▶ **YOUR GOAL**
Transcribe the data in full and exactly, omitting any pictures.

▶ **GIVEN DATA**
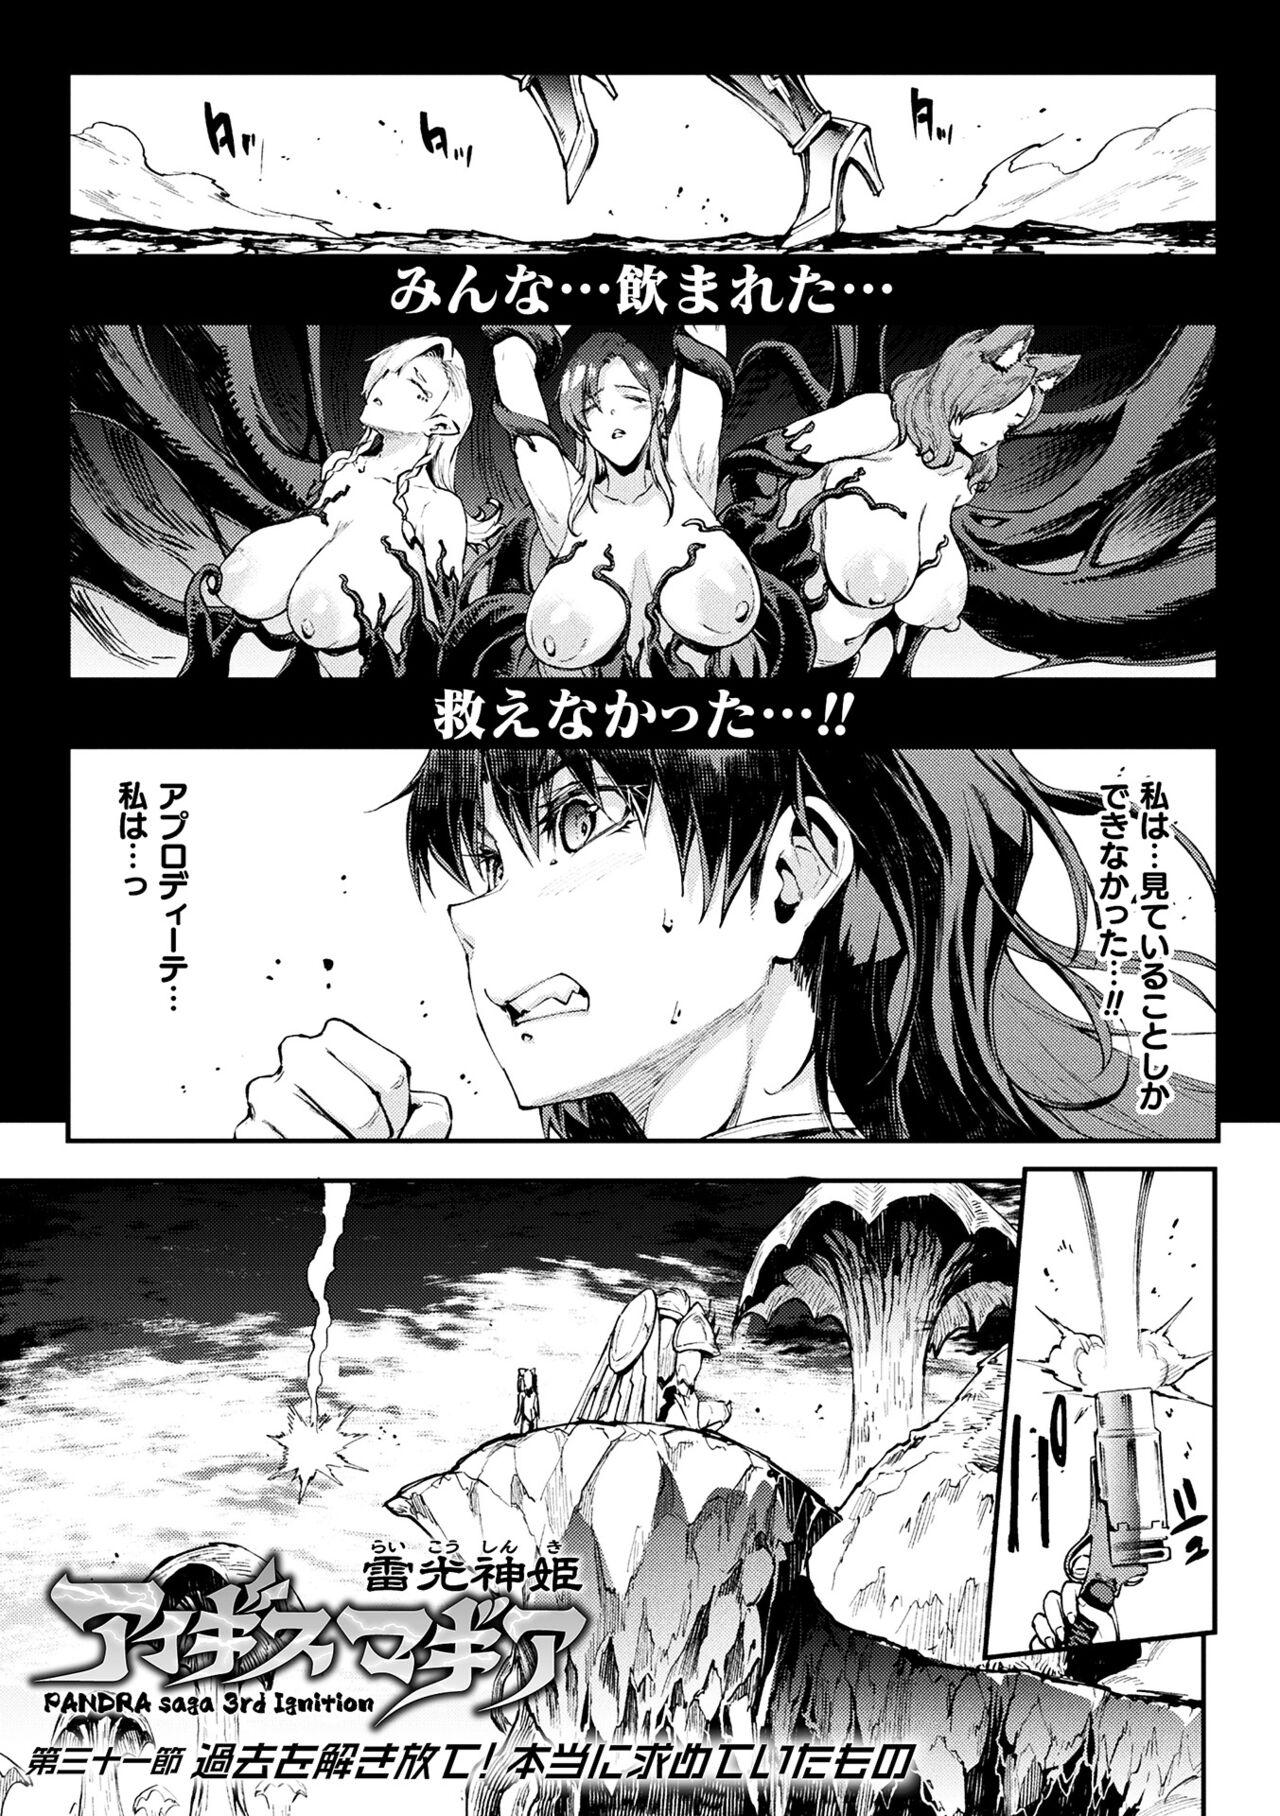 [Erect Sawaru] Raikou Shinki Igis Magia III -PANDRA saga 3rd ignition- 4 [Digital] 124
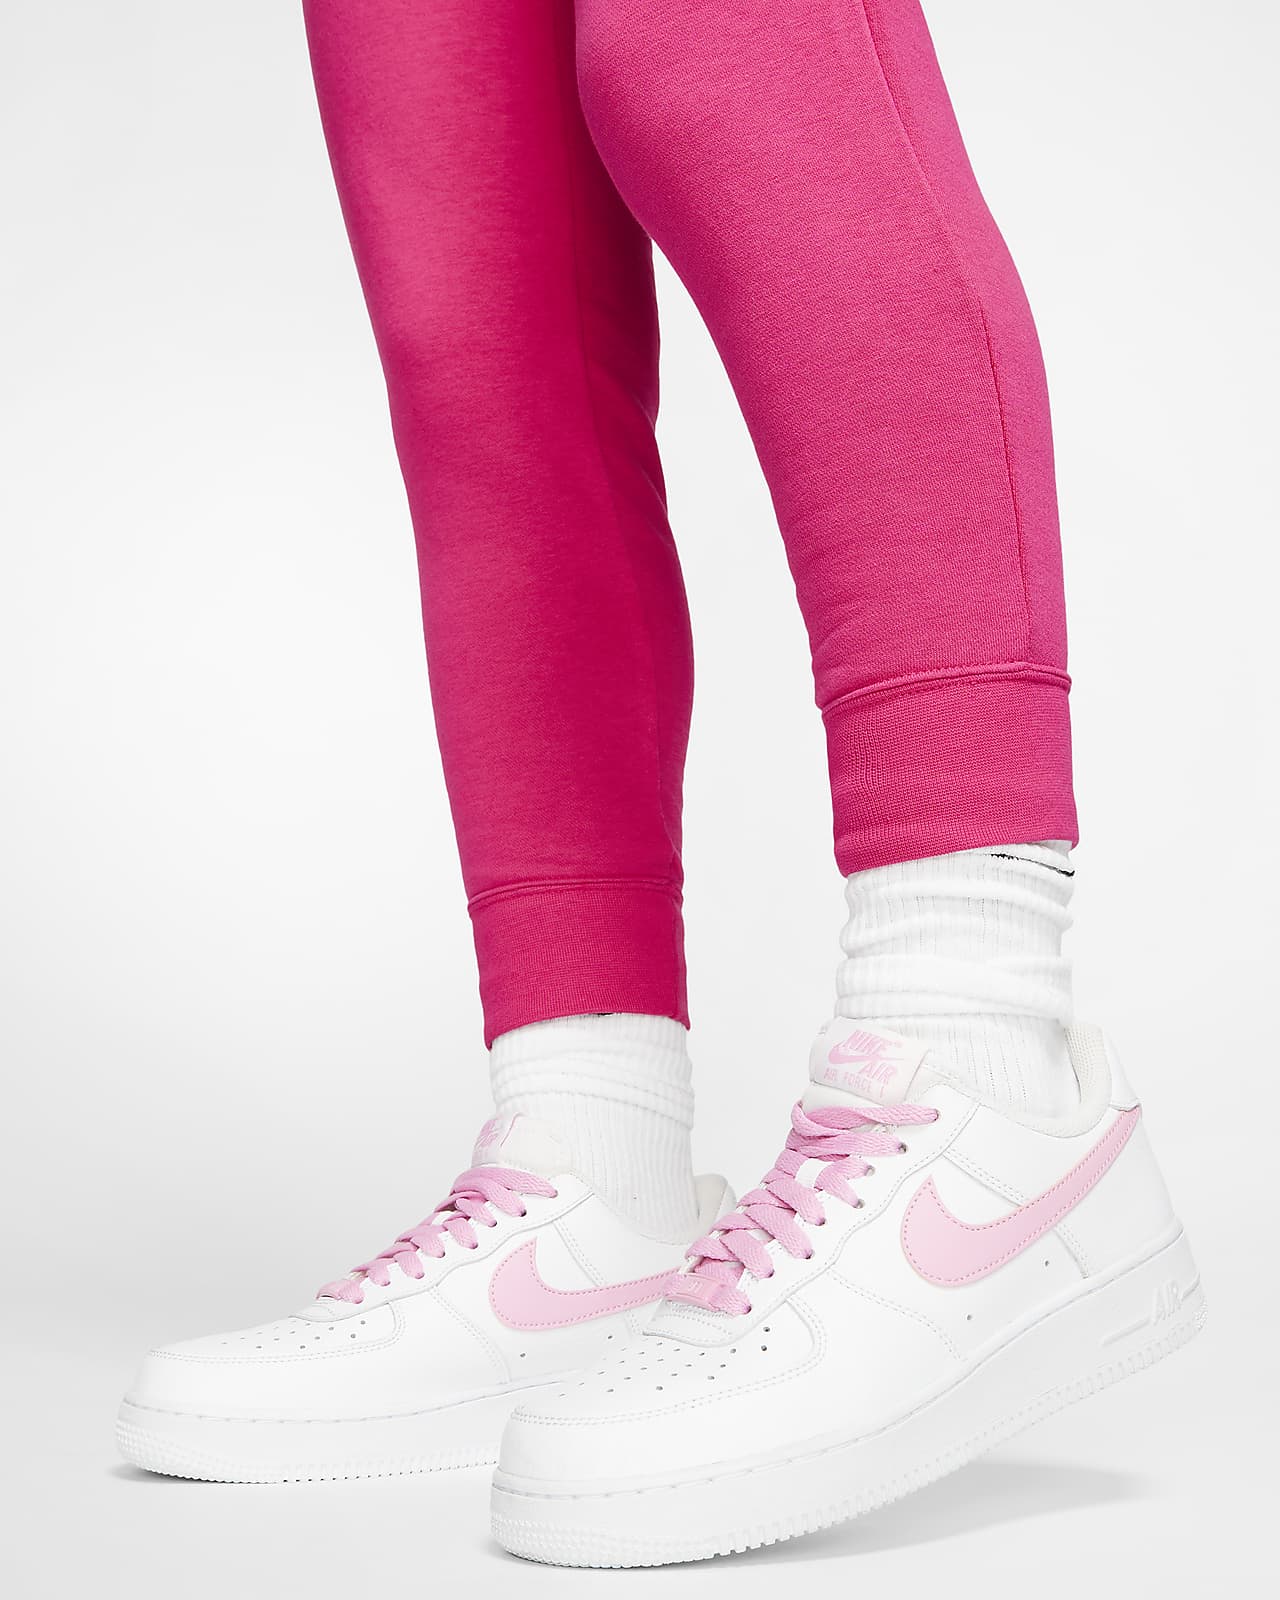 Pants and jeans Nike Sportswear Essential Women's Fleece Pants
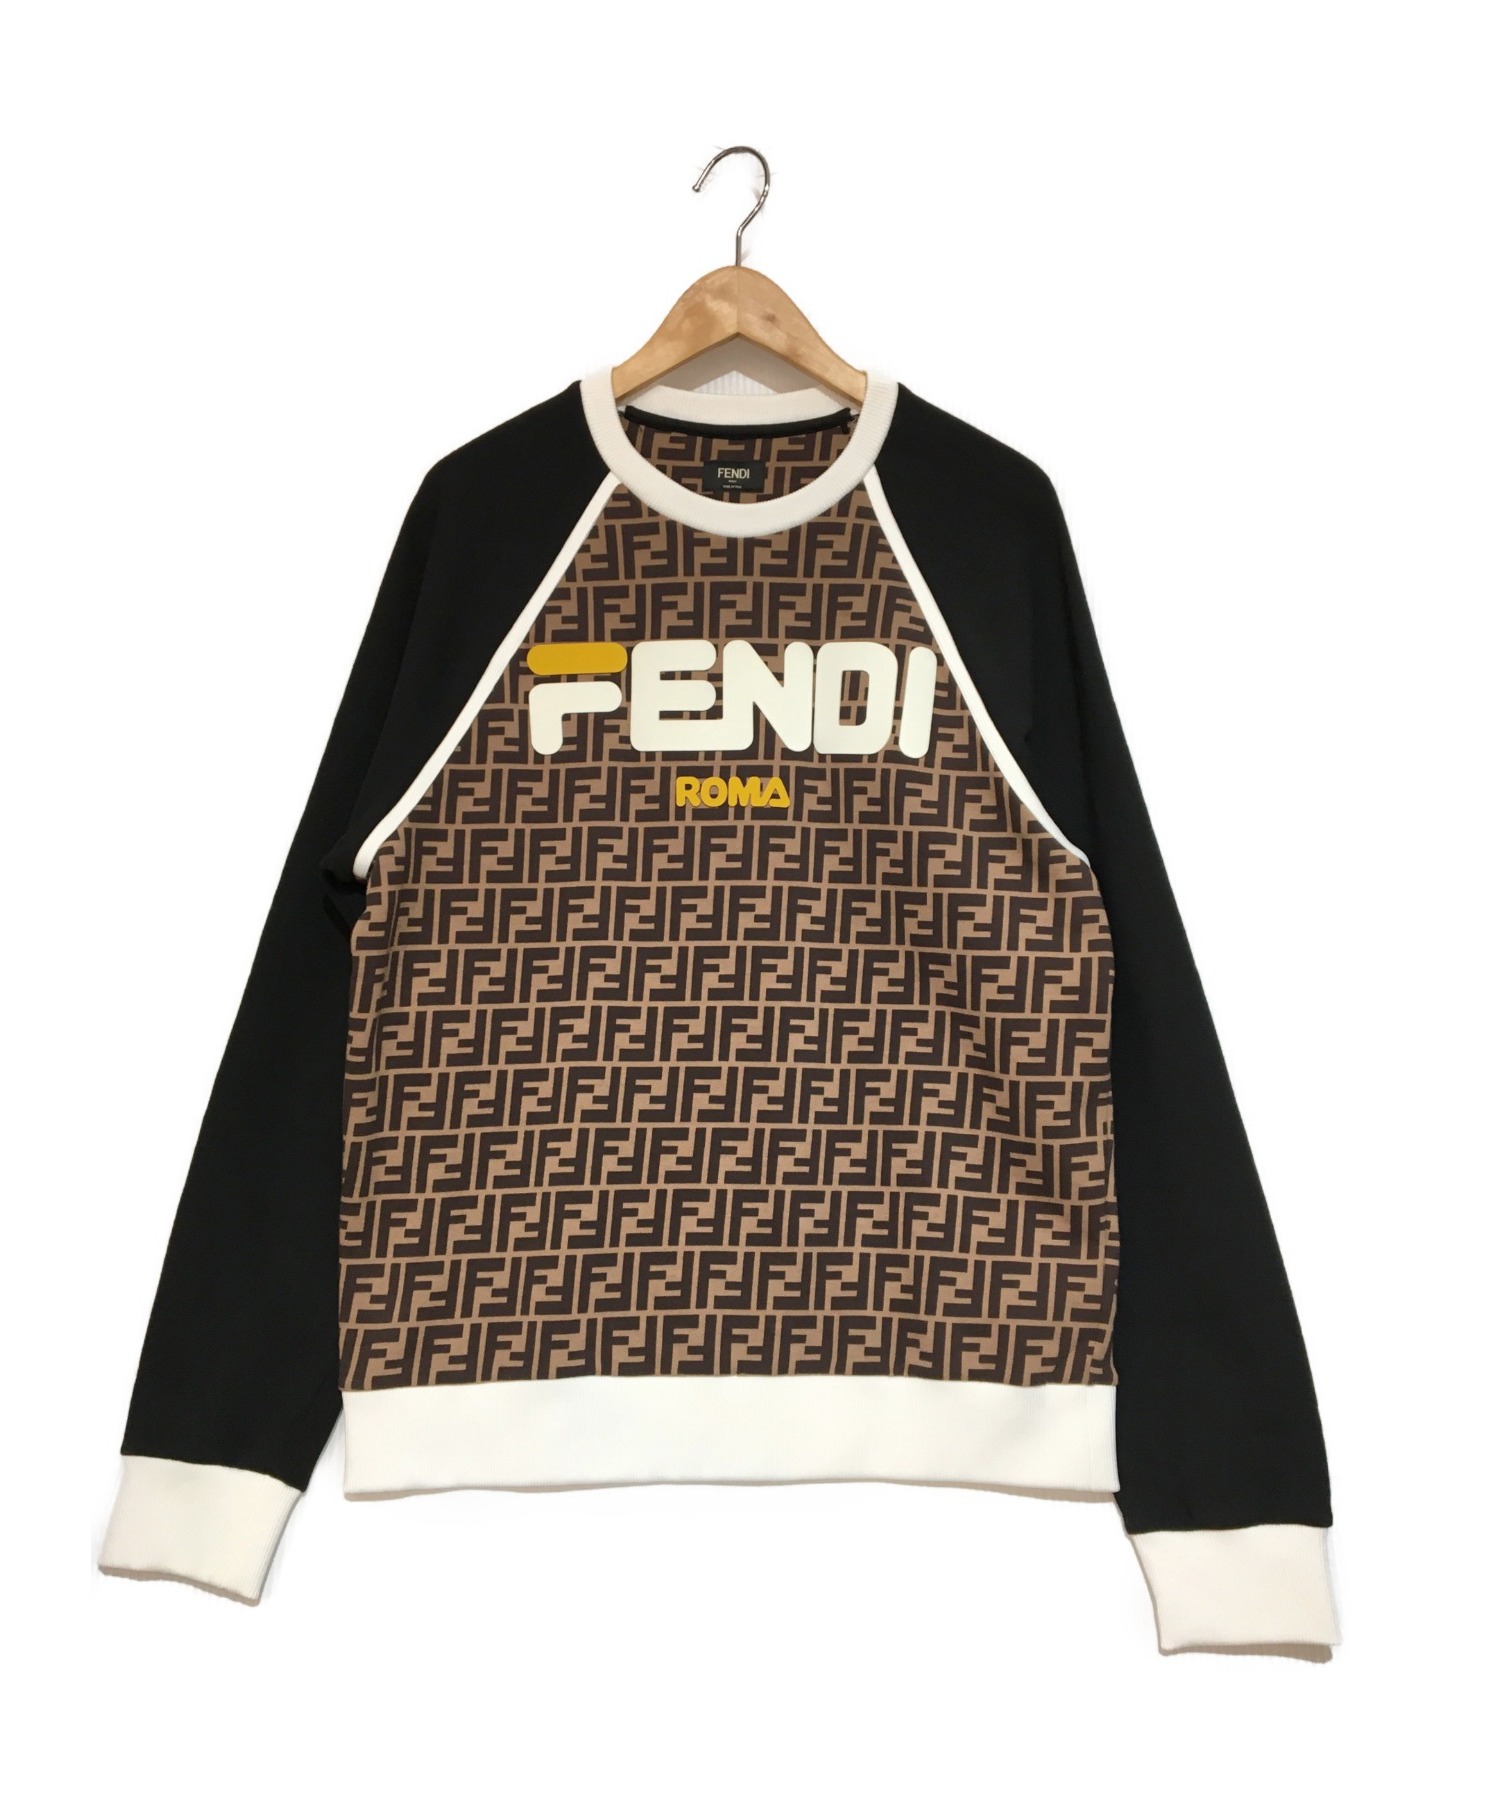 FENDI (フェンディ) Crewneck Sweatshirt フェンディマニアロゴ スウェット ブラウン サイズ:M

▶ **OUTPUT FOR THIS TASK**
 [Erect Sawaru] Raikou Shinki Igis Magia III -PANDRA saga 3rd ignition- 4 [Digital] 124
 Pants and jeans Nike Sportswear Essential Women's Fleece Pants
 FENDI (フェンディ) Crewneck Sweatshirt フェンディマニアロゴ スウェット ブラウン サイズ:M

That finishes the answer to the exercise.